## Problem to work on
Retype, word for word, the line holding "Salchicha de pollo" and every line below it to the end of the listing. Leave out the pictures.
==== The data
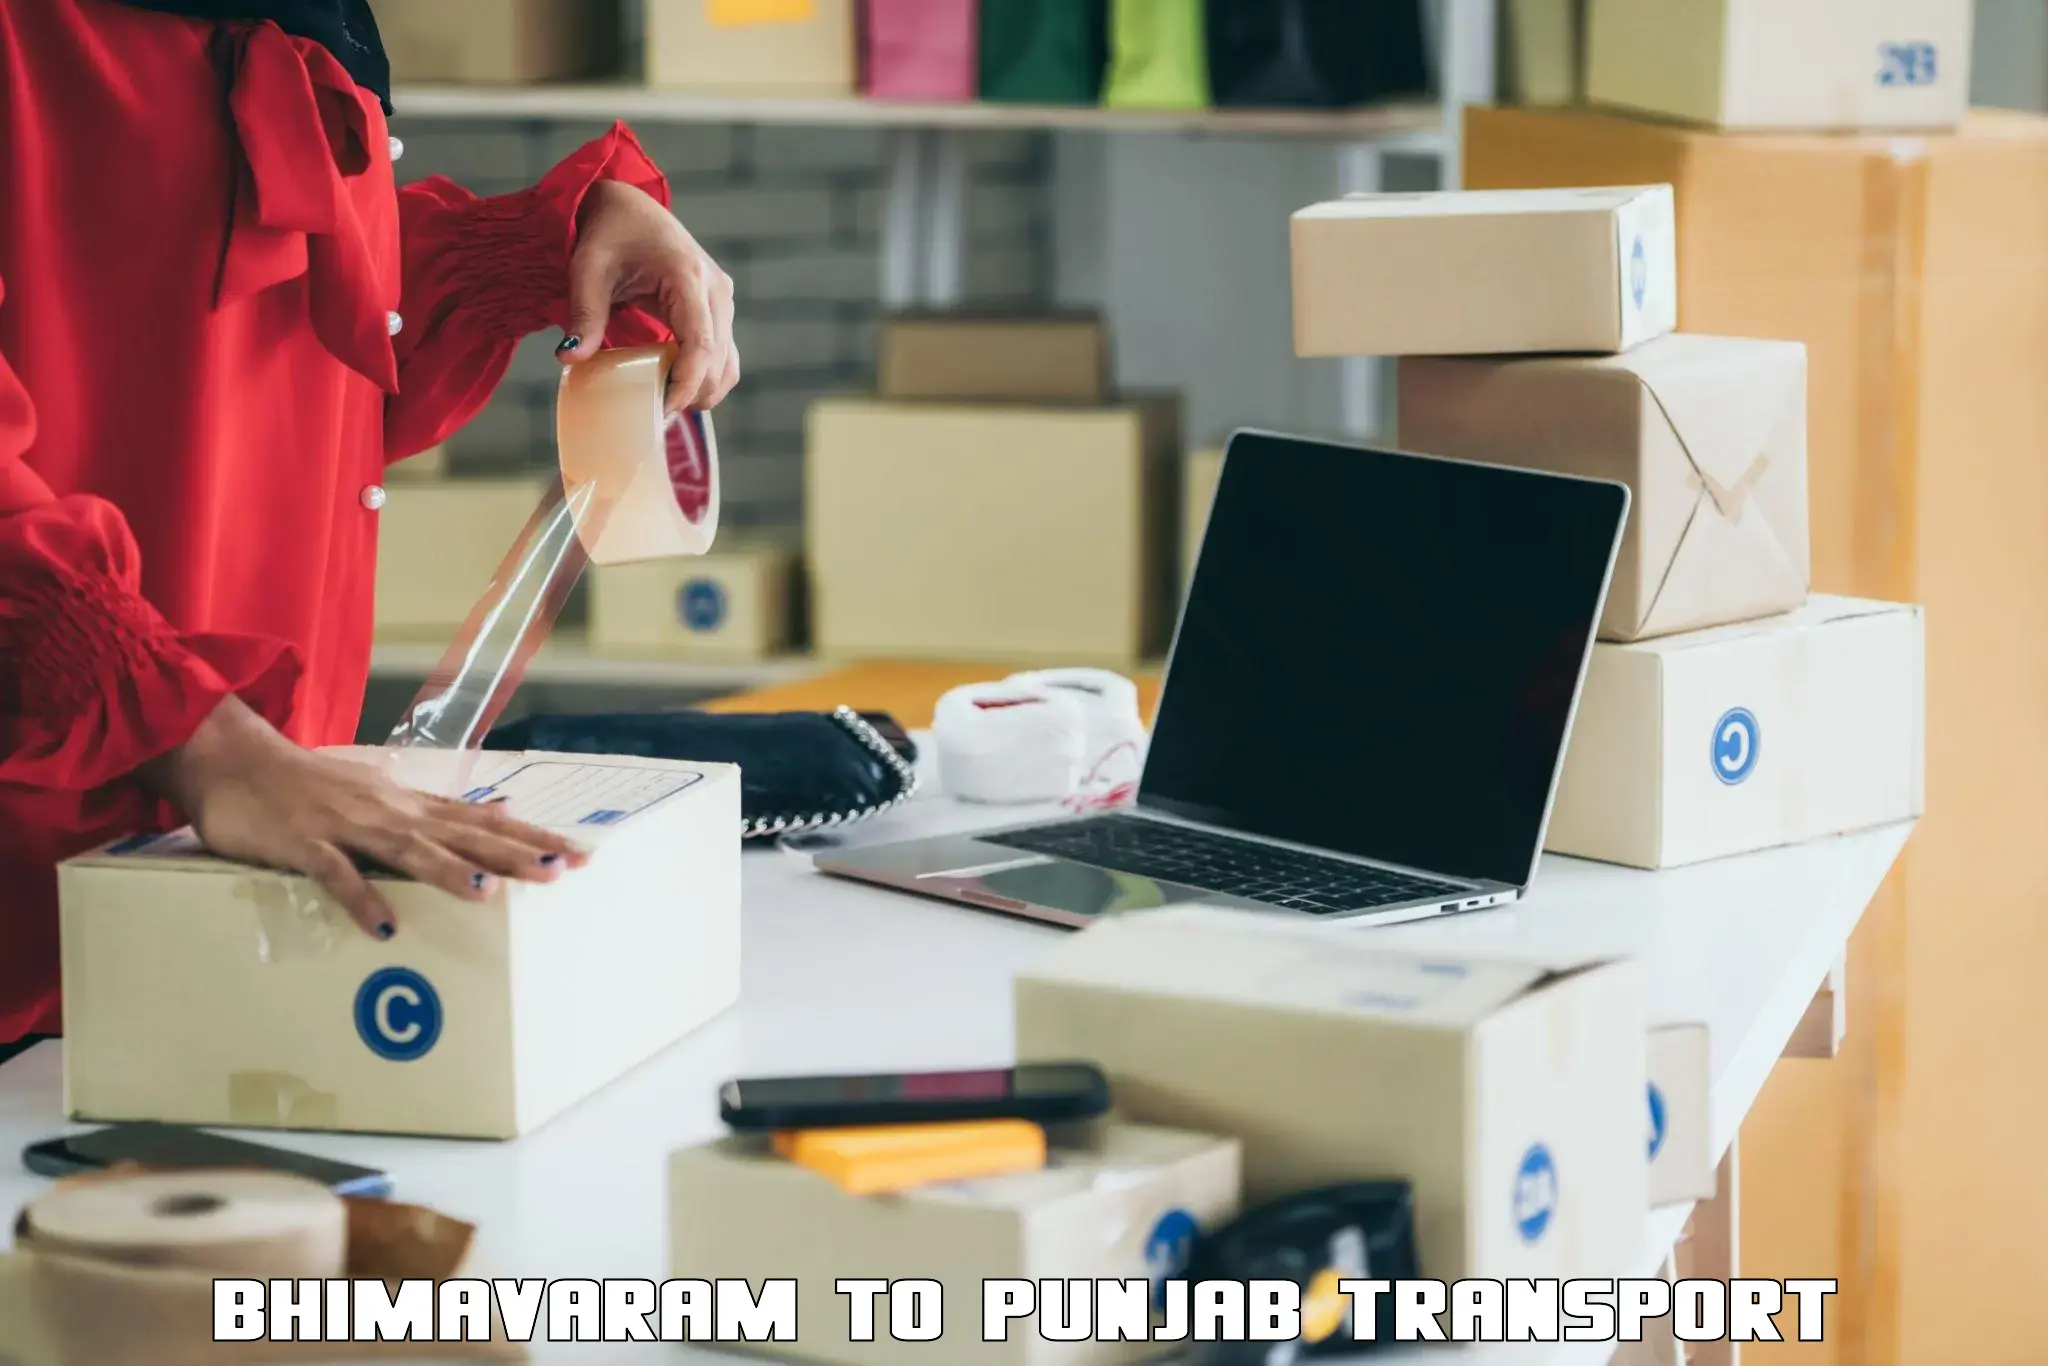 Furniture transport service in Bhimavaram to Punjab
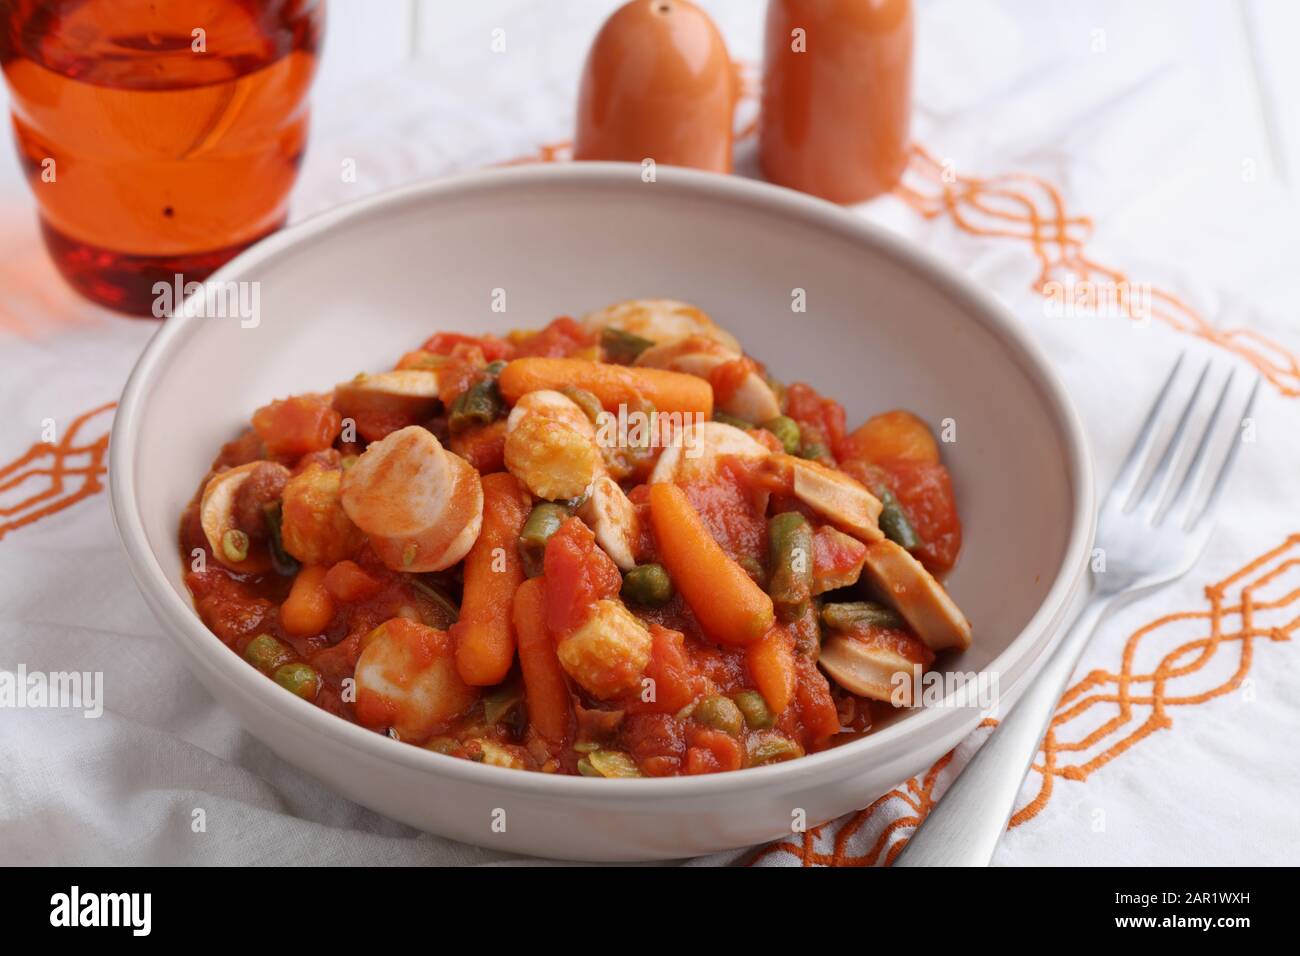 Salchicha de pollo y ragout vegetal con zanahoria, maíz, judías verdes, pimienta, guisantes verdes y salsa de tomate Foto de stock
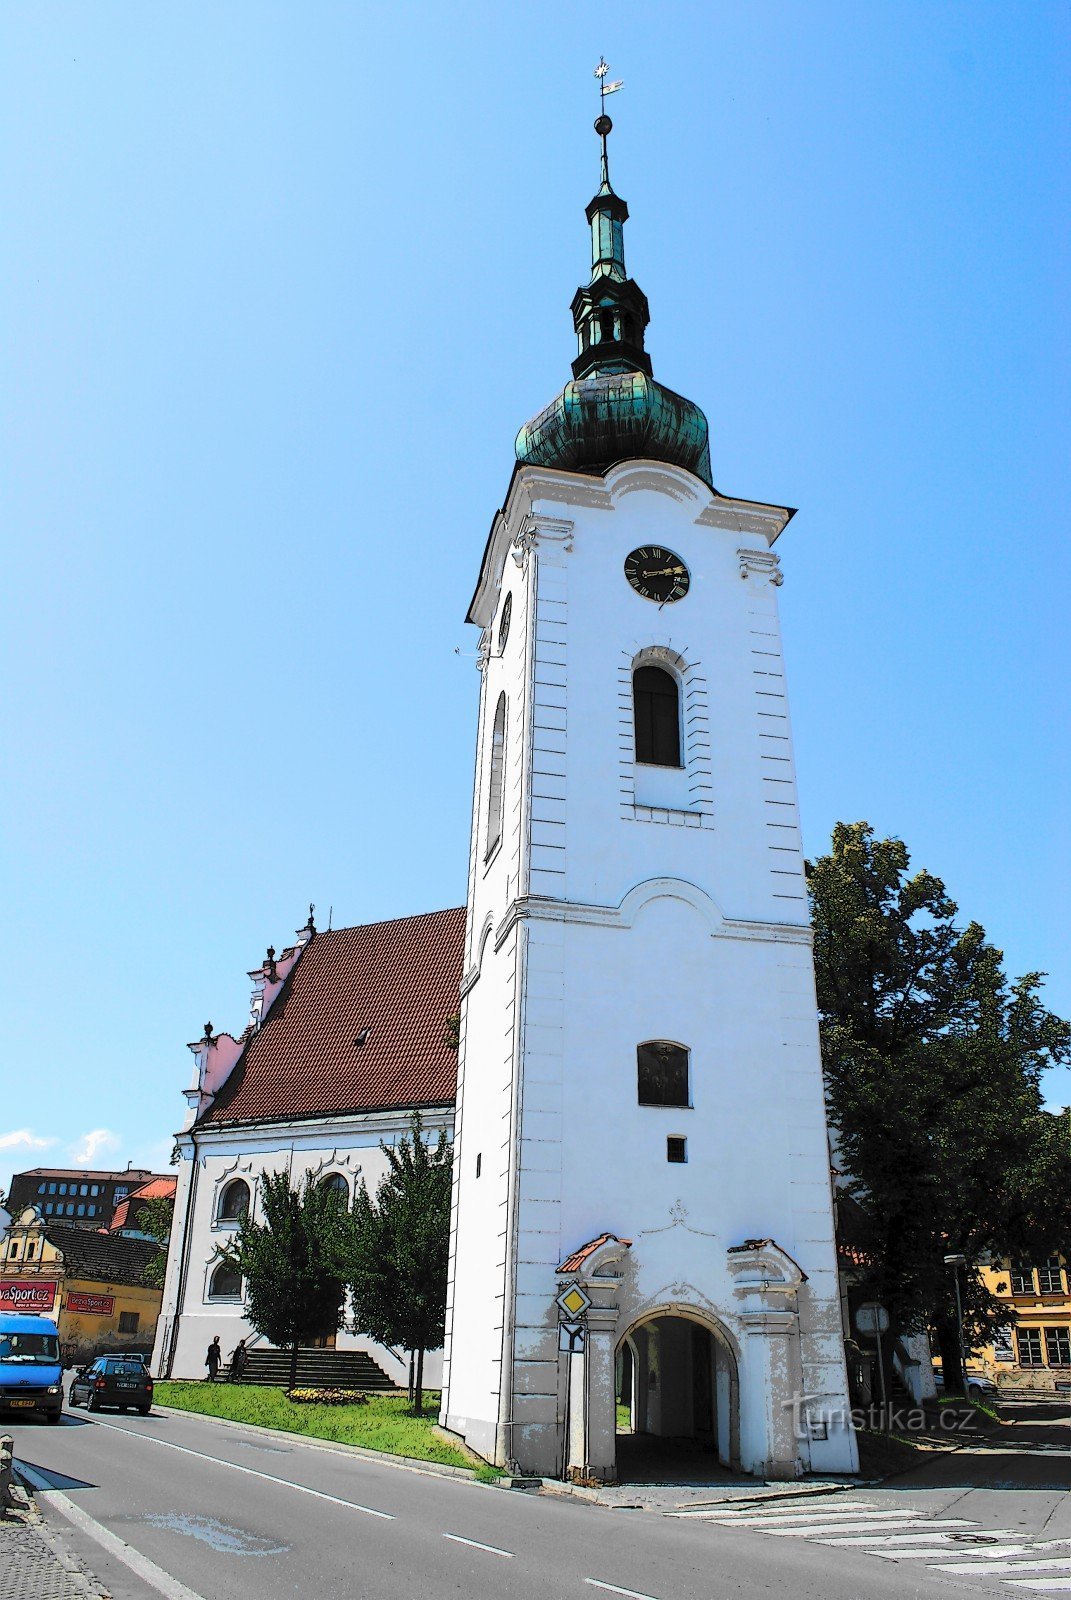 Pelhřimov - kerk van St. Welkom met belletje rinkelen
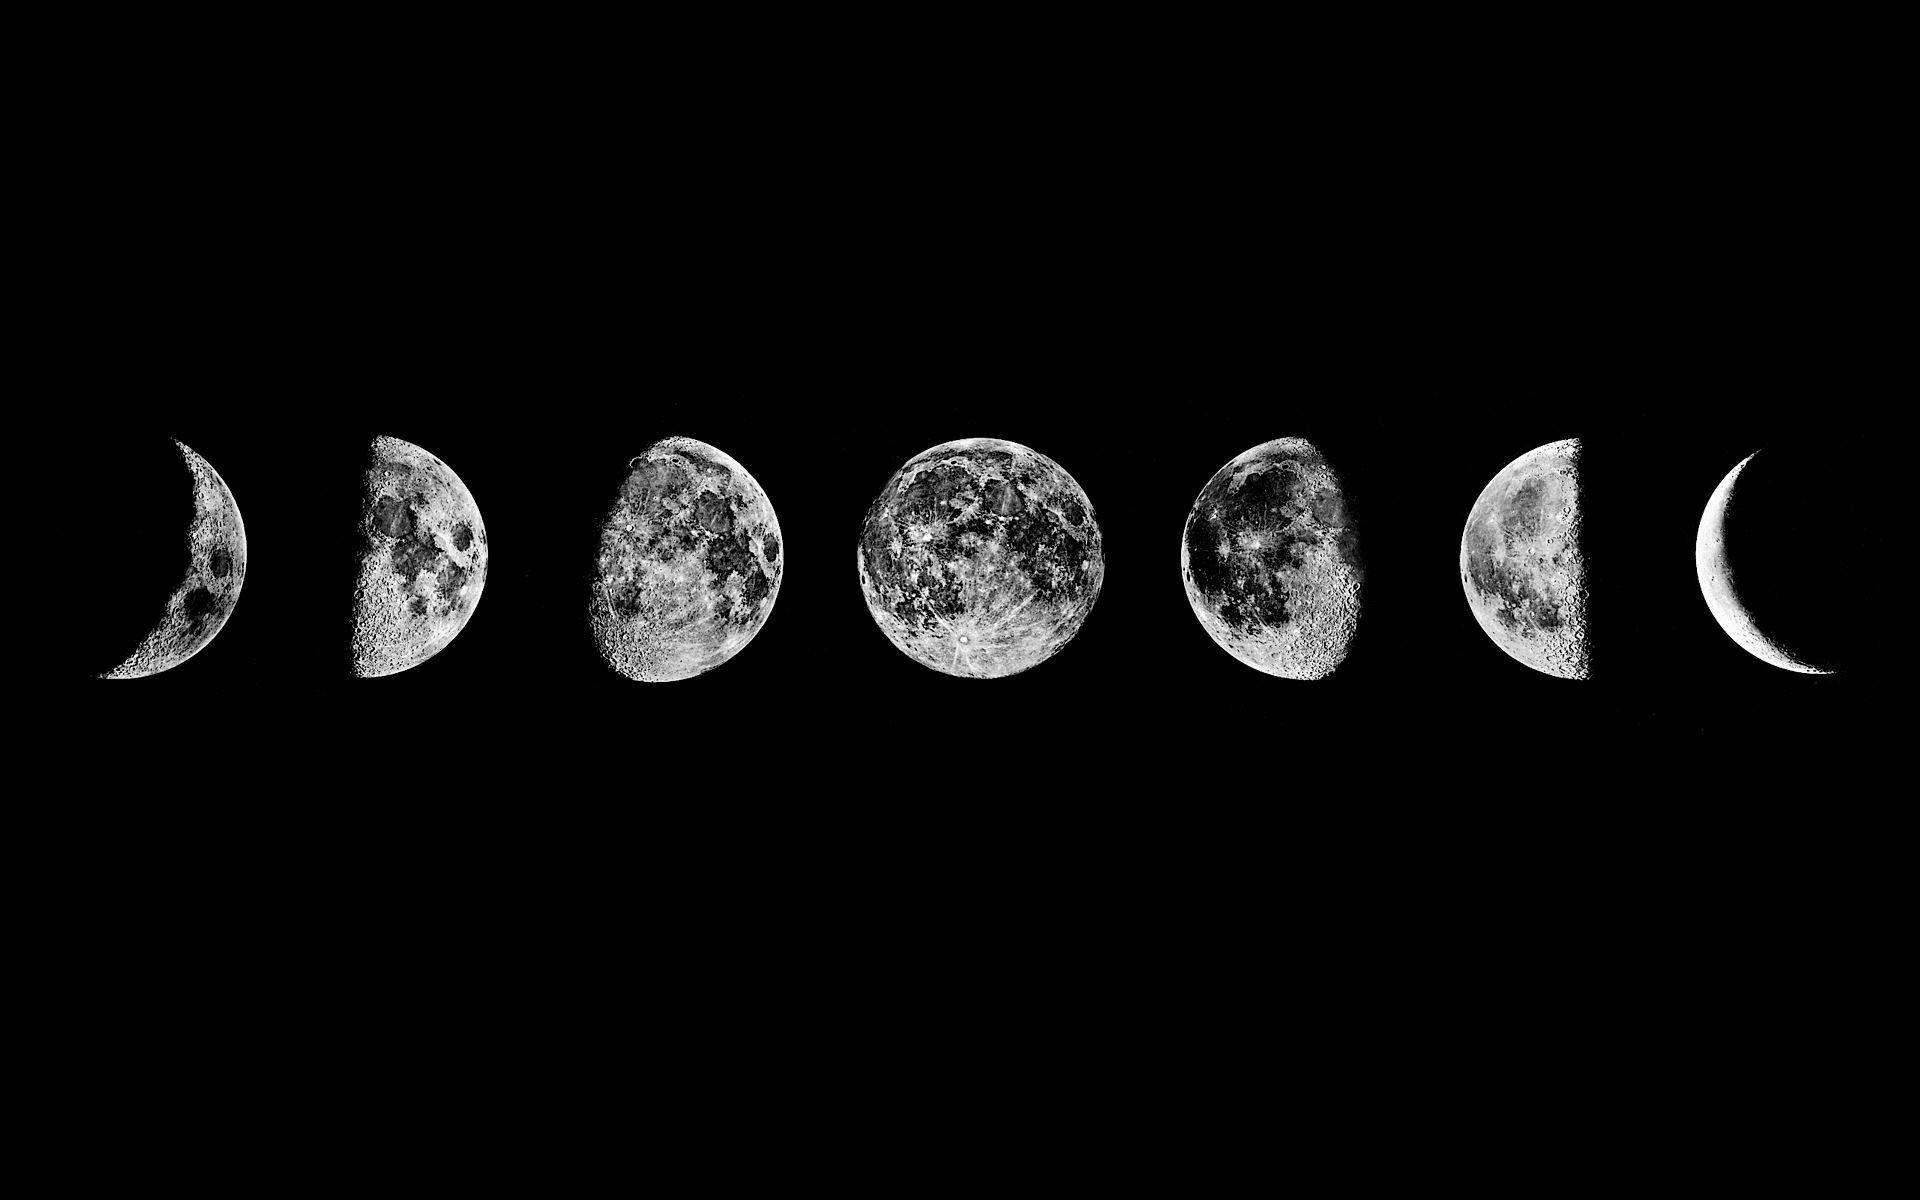 Realistiskgrafik Av Månens Faser. Wallpaper
========
## Result below
 Salchicha de pollo y ragout vegetal con zanahoria, maíz, judías verdes, pimienta, guisantes verdes y salsa de tomate Foto de stock
 Pelhřimov - kerk van St. Welkom met belletje rinkelen
 Realistiskgrafik Av Månens Faser. Wallpaper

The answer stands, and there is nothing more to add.